Shian Miller and Tamara C Johnson
Med J Aust 2017; 207 (11): 487-489. || doi: 10.5694/mja17.00811
Published online: 11 December 2017

Abstract

Objective: To evaluate the influence of medical specialty on the likelihood of doctors making the Naughty or Nice lists this Christmas.

Design, setting, and participants: A quantitative observational study. Doctors in a medical parent Facebook group were asked about their specialty and their tendency to follow recipes.

Main outcome measures: Self-reported tendency to follow the recipe (always, sometimes, never) as an indicator of rule-breaking behaviour, extrapolated as indicating Naughty (unlikely to follow a recipe) or Nice (always follow recipes) tendencies, and consequently the likelihood of being included in the Nice list this Christmas.

Results: The majority of doctors in only 19% of specialties made the Nice list. When aggregated, 92% of surgical specialties reported that they either never followed recipes or did so only occasionally. Similarly, 80% of physician specialties reported being Naughty. In contrast, 50% each of those in critical care specialties were Naughty or Nice. General practitioners comprised the largest single group of respondents, and only 8% identified as Nice.

Conclusions: An overwhelming majority of medical parents were Naughty. As Santa makes his list and checks it twice, he will find out who is Naughty or Nice, and he may be surprised at the number of doctors who are on the wrong side of the inventory. When Santa Claus comes to town, he should be circumspect when indulging in any baked offerings by the Christmas tree, particularly those offered by surgeons and general practitioners.

 

The known Personality is thought to influence choice of medical specialty; it is also likely to influence whether a doctor tends to follow recipes or not. Santa expects food offerings beside the Christmas tree. 
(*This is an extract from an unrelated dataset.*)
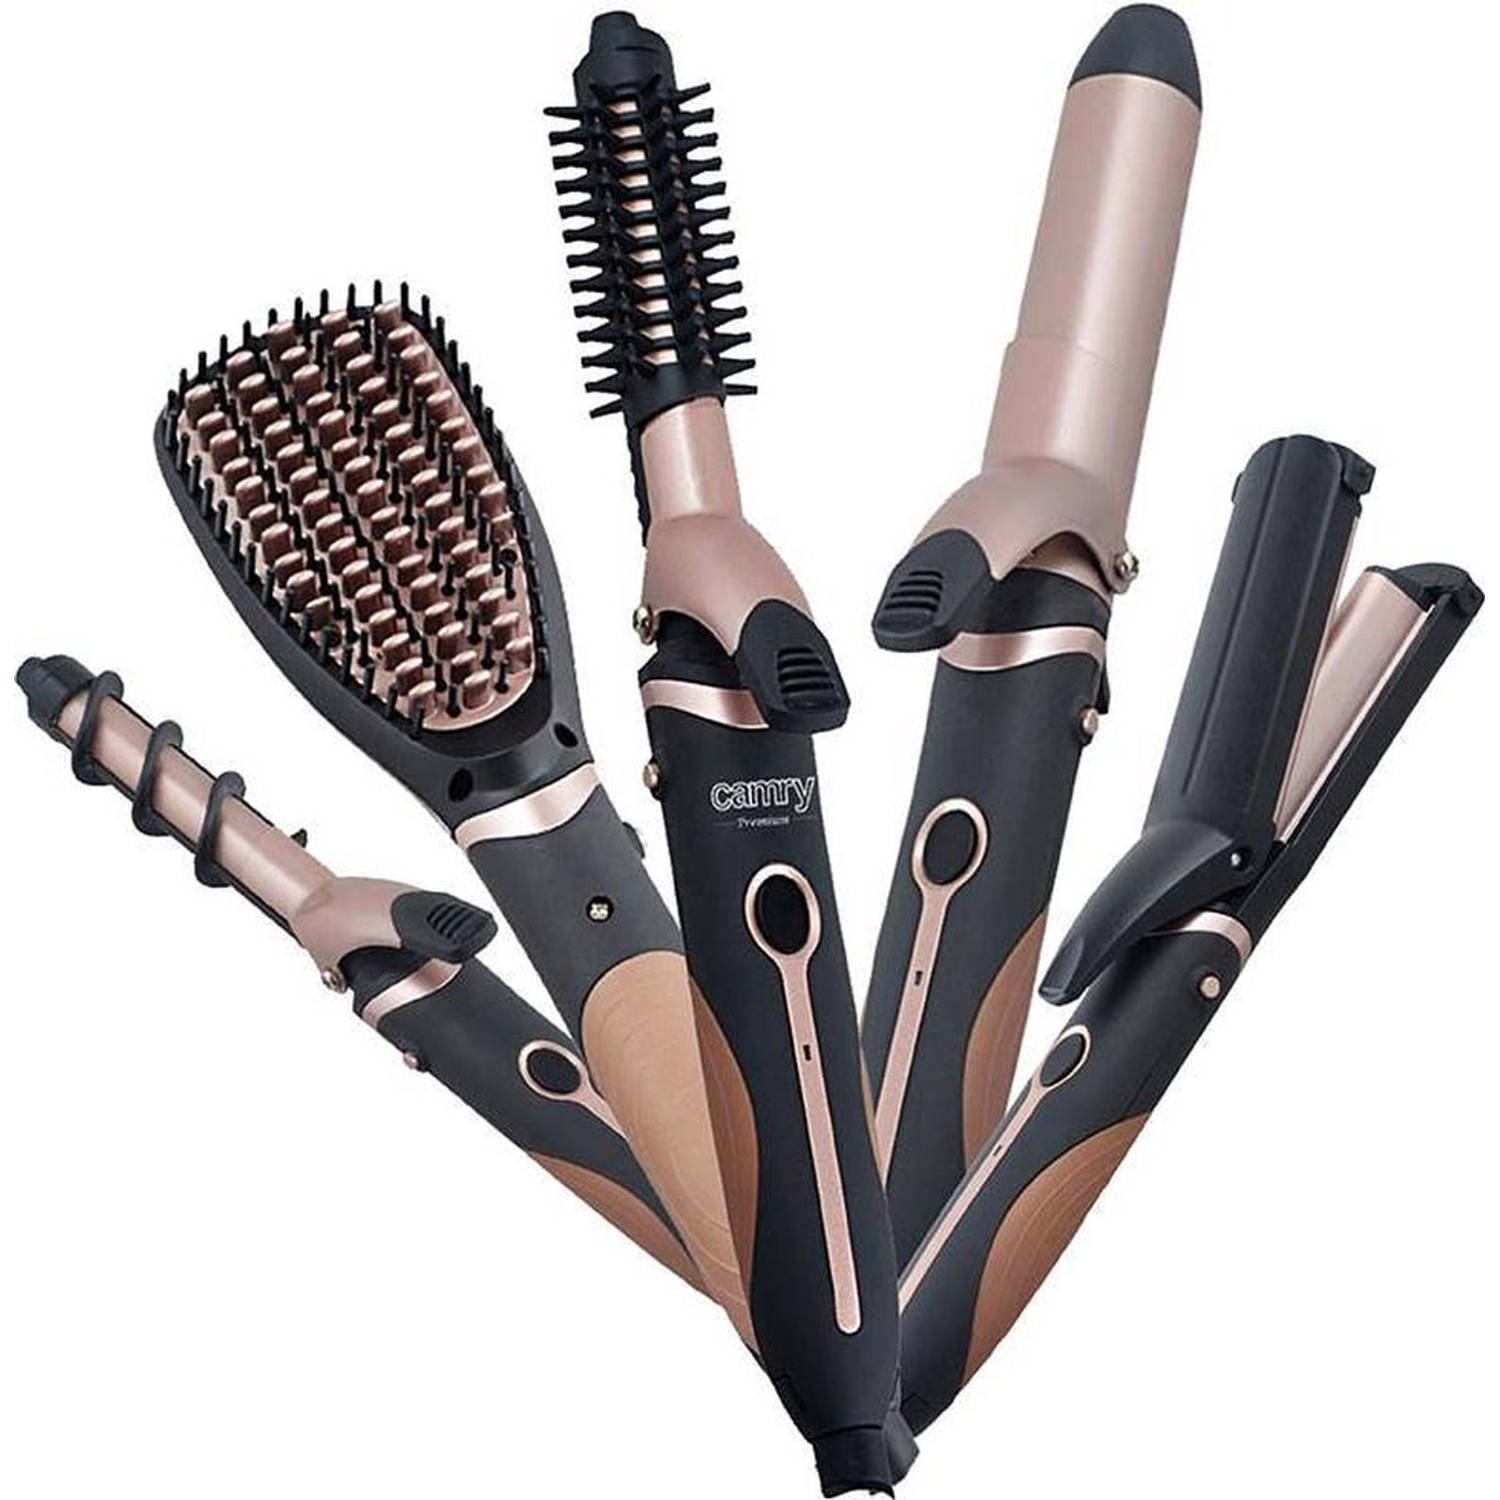 Camry CR 2024 - Hairstylerset - 5 delig
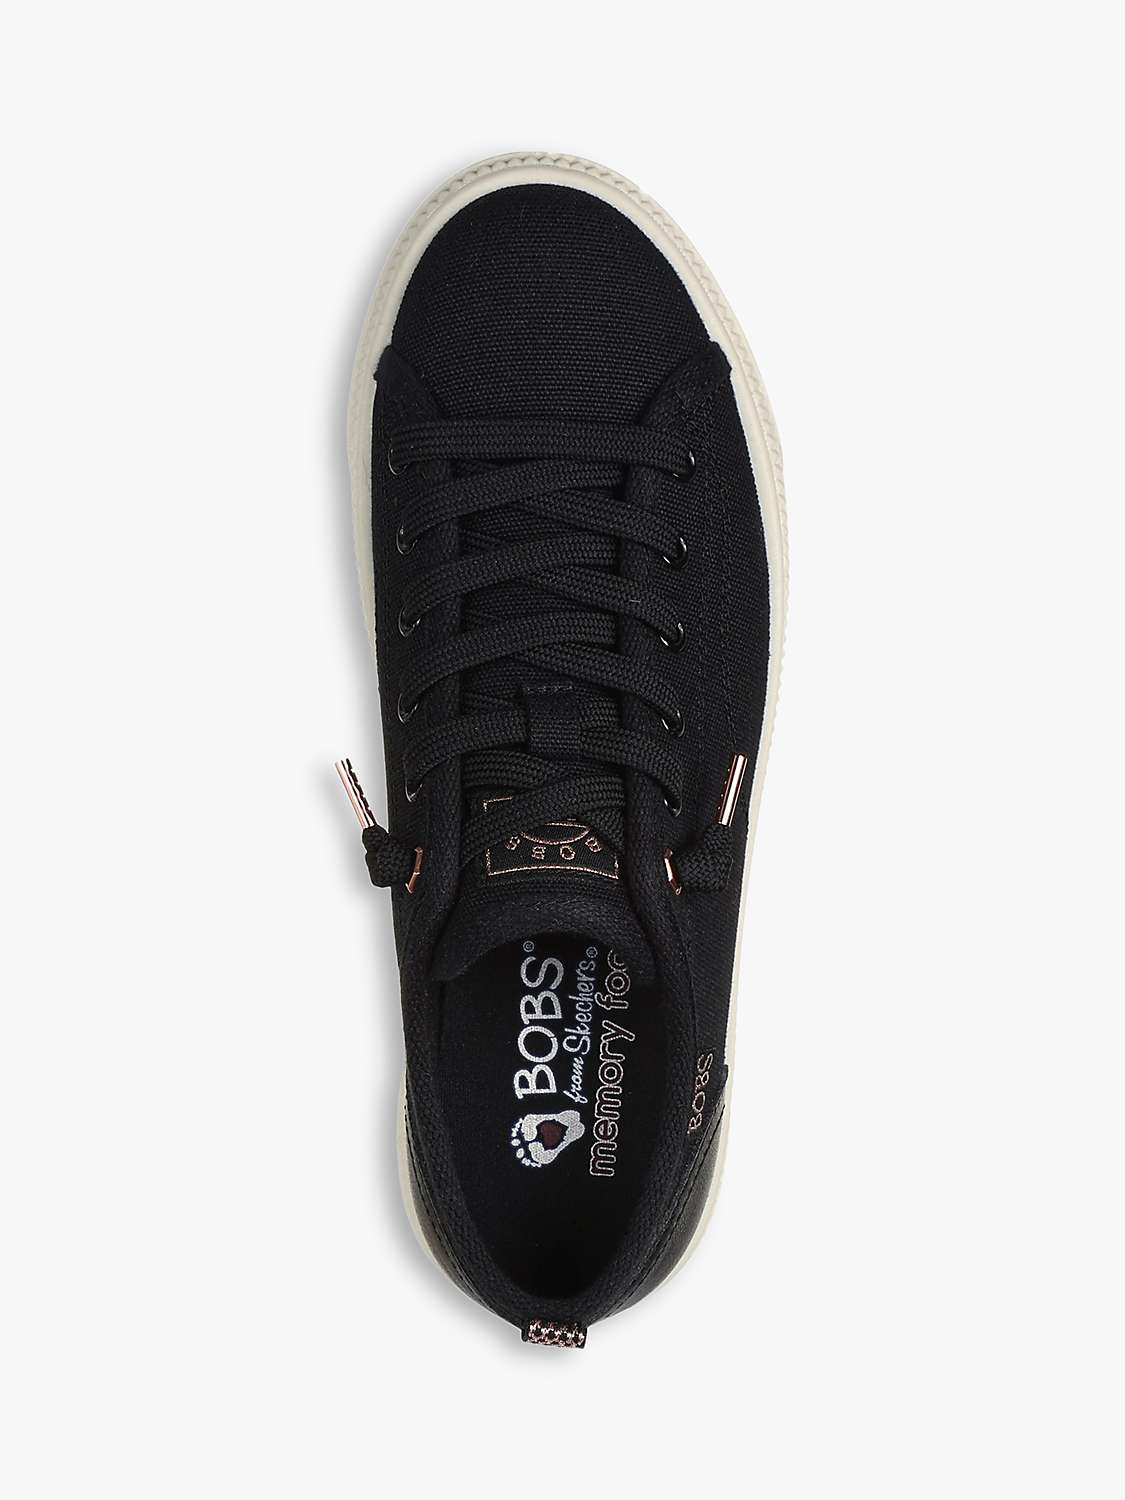 Buy Skechers BOBS Copa Chunky Trainers Online at johnlewis.com

The new Most doctors do not follow recipes, despite admitting that the results are often less than desired. 

The implications Santa will be disappointed by the quality of food offerings beside the Christmas trees of medical practitioners. 

 

 

 

Personality and character traits are thought to influence doctors in their choice of medical specialty. Many studies have attempted to employ personality tests as tools for career counselling of medical students.1 It is also thought that personality may be altered by the chosen medical specialty through subsequent experiences associated with the specialty.

We hypothesised that the inclination to follow recipes is related to personality, and that this is correlated with the choice of medical specialty. Good cooks rely on recipes,2 so we extrapolated that Nice doctors would follow recipes while Naughty doctors would not.

Each year Santa Claus prepares a list of those who are Naughty or Nice, and we thought to assist him with this sizable chore. Our study sought to determine whether doctors of certain specialties always make the Naughty list or the Nice list.

Recipes are essential for preparing food of consistent quality,2 and Santa may glean an indication of the likely quality of the food left by the Christmas tree from information about whether the occupants of the home are Naughty or Nice. He sees you when you’re sleeping, he knows when you’re awake, and he also knows if you’ve been bad or good, so he should have no trouble determining whether residents are Naughty or Nice.

Methods

A prospective survey was conducted in March 2017 in which participants reported their medical specialty and whether they followed recipes or not (on a 3-point scale: always, sometimes, never). The complete survey text is included in Box 1. Participants were members of a Facebook social media group consisting exclusively of doctors who were also parents (medical parents); at the time of the survey, it included 5937 doctors from across Australia and New Zealand. Participants were informed that this was a voluntary participation study, and that the de-identified data would be analysed for a publication. Participants who followed recipes were categorised as Nice, while participants who often or never followed recipes were categorised as Naughty.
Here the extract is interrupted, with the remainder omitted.